Directions for this task: Every line below from the one containing "Red Ribbed Vase Ceramic Lamp Base" through the one containing "(完整版)贵阳市中考英语试卷及答案,推荐文档" is to be printed exactly, with the pictures omitted.

Provided records:
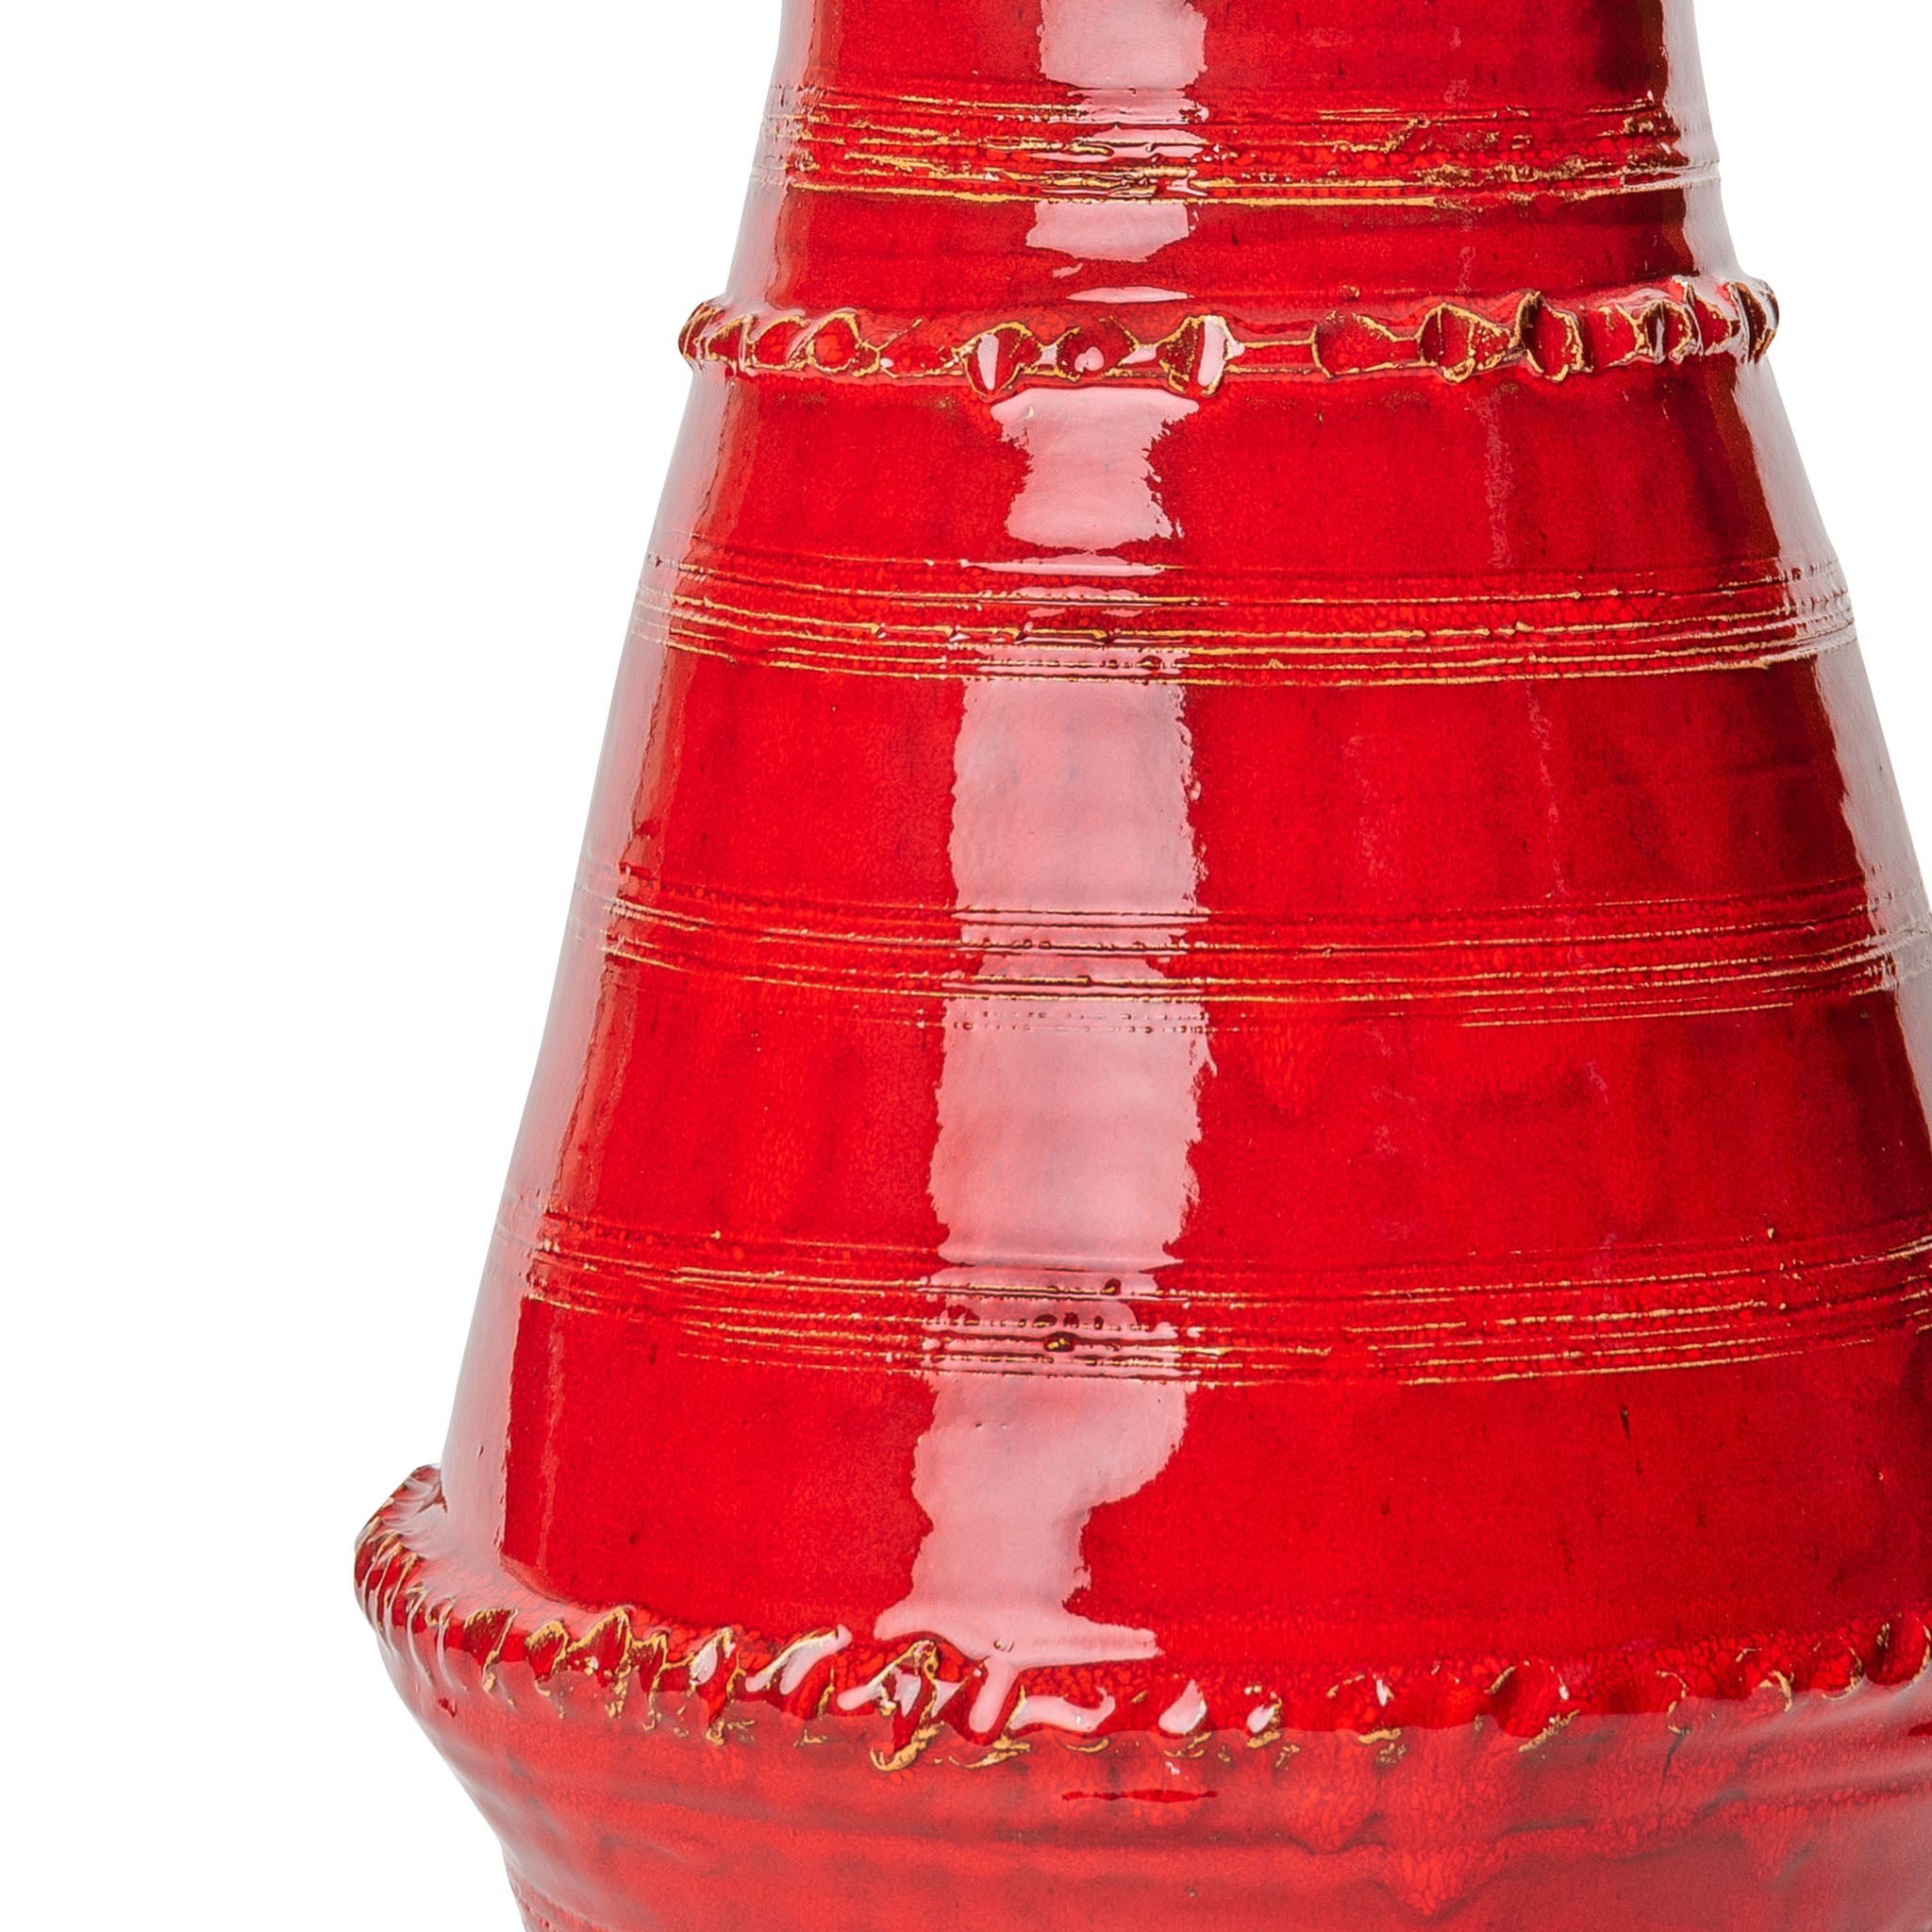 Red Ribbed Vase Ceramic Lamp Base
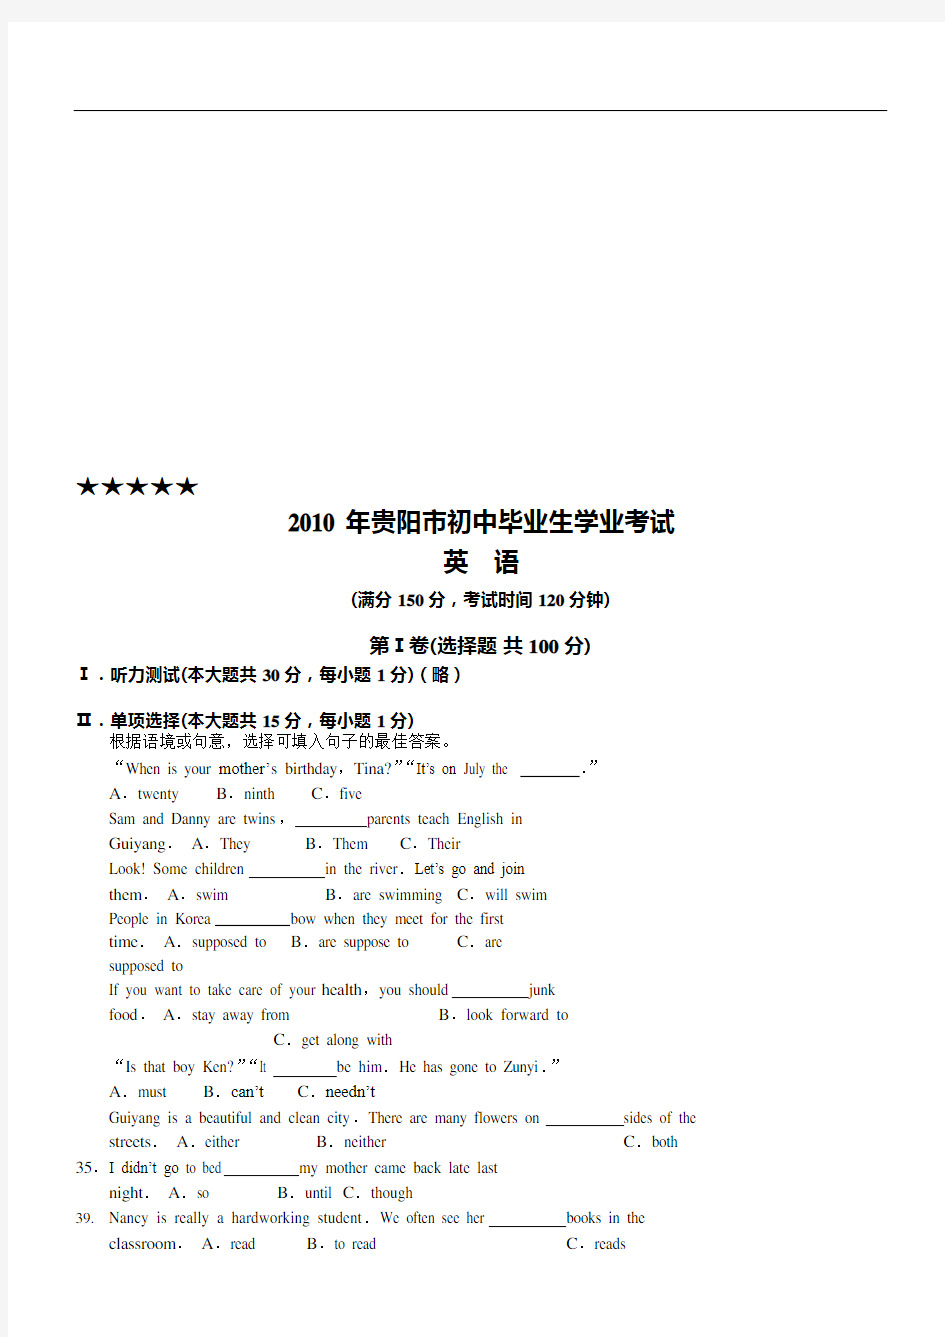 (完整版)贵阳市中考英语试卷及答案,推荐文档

* * *

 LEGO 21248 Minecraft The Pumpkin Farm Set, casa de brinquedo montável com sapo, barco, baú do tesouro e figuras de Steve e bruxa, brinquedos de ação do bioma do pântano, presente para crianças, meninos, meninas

Written answer:
 Red Ribbed Vase Ceramic Lamp Base
 (完整版)贵阳市中考英语试卷及答案,推荐文档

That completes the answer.